Hawke worked the salve into the elf’s lyrium-lined fingers with the same singular focus he’d applied elsewhere. Fenris went from avoiding looking at him to watching him work, mesmerized by the dedication with which he moved over each ligament and callus. Surely it wasn’t possible to be cared for this much. And after what had happened between them… he didn’t understand it. Hawke was clearly taking his time, drawing this out, but it wouldn’t change anything. There was nothing to gain. There could be nothing between them but hopeless longing.
He was surprised when Hawke finished and looked up, their faces unexpectedly close. For a moment they lingered in place, gazes gone soft. It would be so easy to lean closer, to grab a fistful of dark hair and crash their mouths together. He couldn’t. He couldn’t play with Hawke’s feelings like that. It had been selfish the first time, to reach for a happiness he was too damaged to keep. It would be crueler the second. He didn’t breathe. With the physical pain calmed, the anguish of what he couldn’t have burned brighter.
“I’m sorry,” Fenris said quietly.
Hawke sat back on his heels and lifted his fingers to the elf’s chin. There was that stupid understanding smile again. “You have nothing to be sorry for. I’m happy I could help.”
Fenris made a sound of disbelief in his throat.

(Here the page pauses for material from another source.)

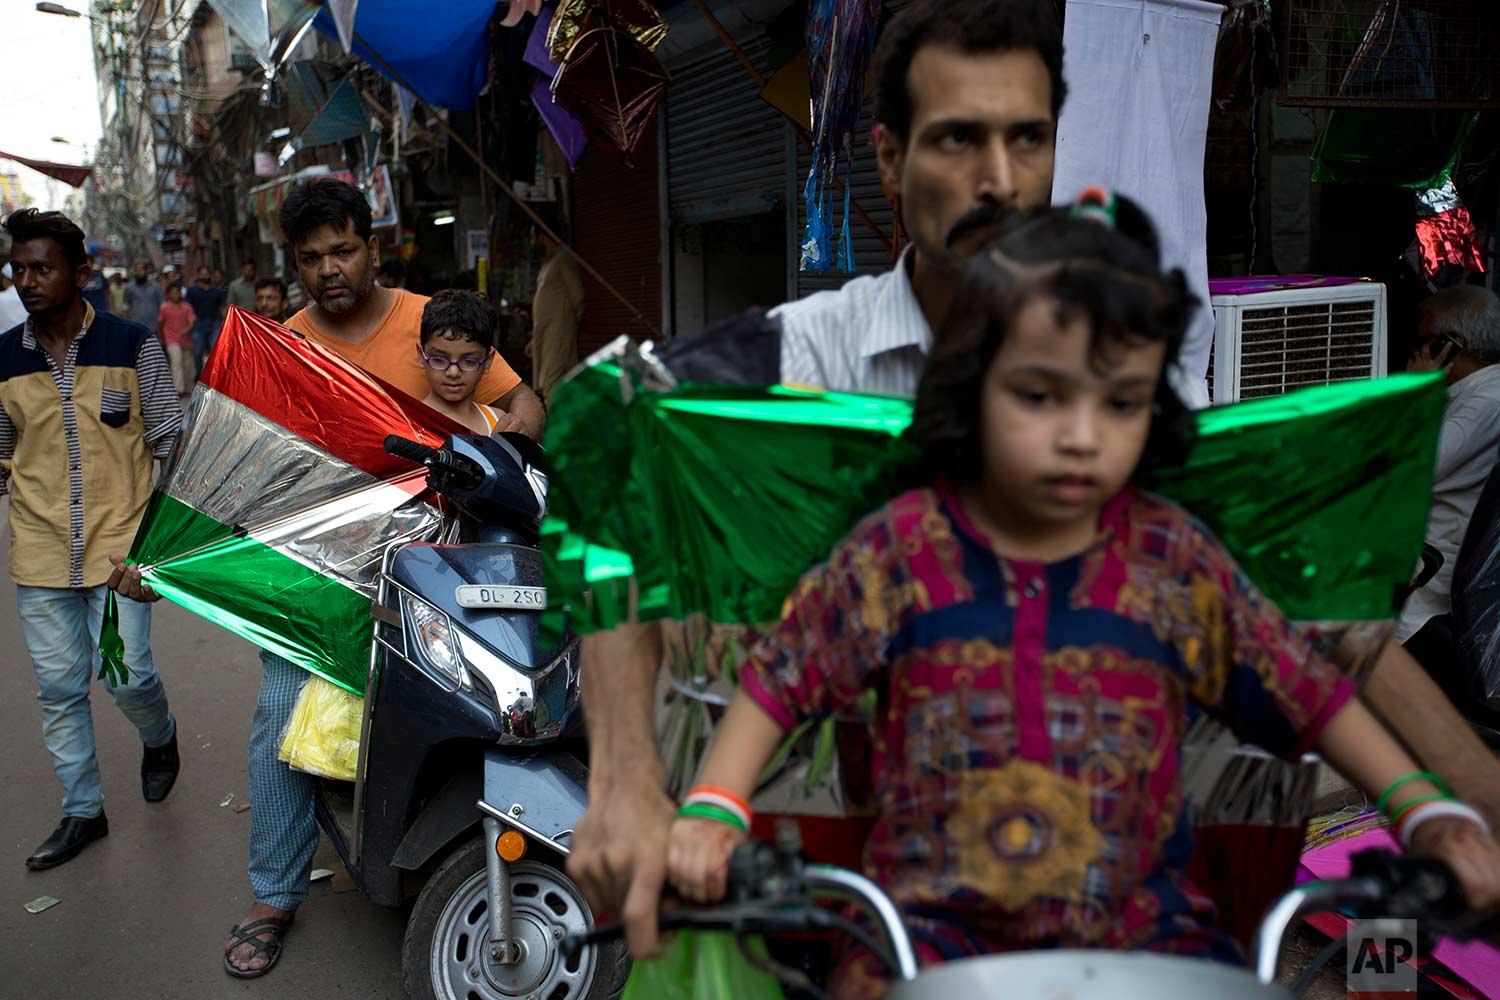  In this Tuesday, Aug. 15, 2017 photo, Indians ride motorbikes carrying kites to fly on Independence Day in the old quarters of New Delhi, India. (AP Photo/Tsering Topgyal)

Hawke’s hands flew up. “Nope! I won’t hear it. You’re important to me and you deserve good things, and if the best I can do for you is take away one bad thing, I’ll do it every time,” Hawke said, “Unless you’d rather someone else do it. I won’t take it personally. Maybe the doctor makes house calls.” Hawke waggled his bushy brows with a wry grin. Anders would probably agree to help, despite himself, out of a sense of obligation—but Fenris would never ask. The awkwardness would kill them both, even if they kept their snippy remarks to themselves. The image was beyond absurd.
Fenris barked a laugh at that, and it was like something hard lodged in his chest had come loose. They were okay. They were a fucking mess, but they were okay. “You’re impossible,” he grumbled good-naturedly, looking away. He felt a slight upturn to his lips.
Hawke laughed and stood. “Good night, Fenris,” he said, in a manner that sounded a bit like something else. A bit like someone who might wait forever for him, actually.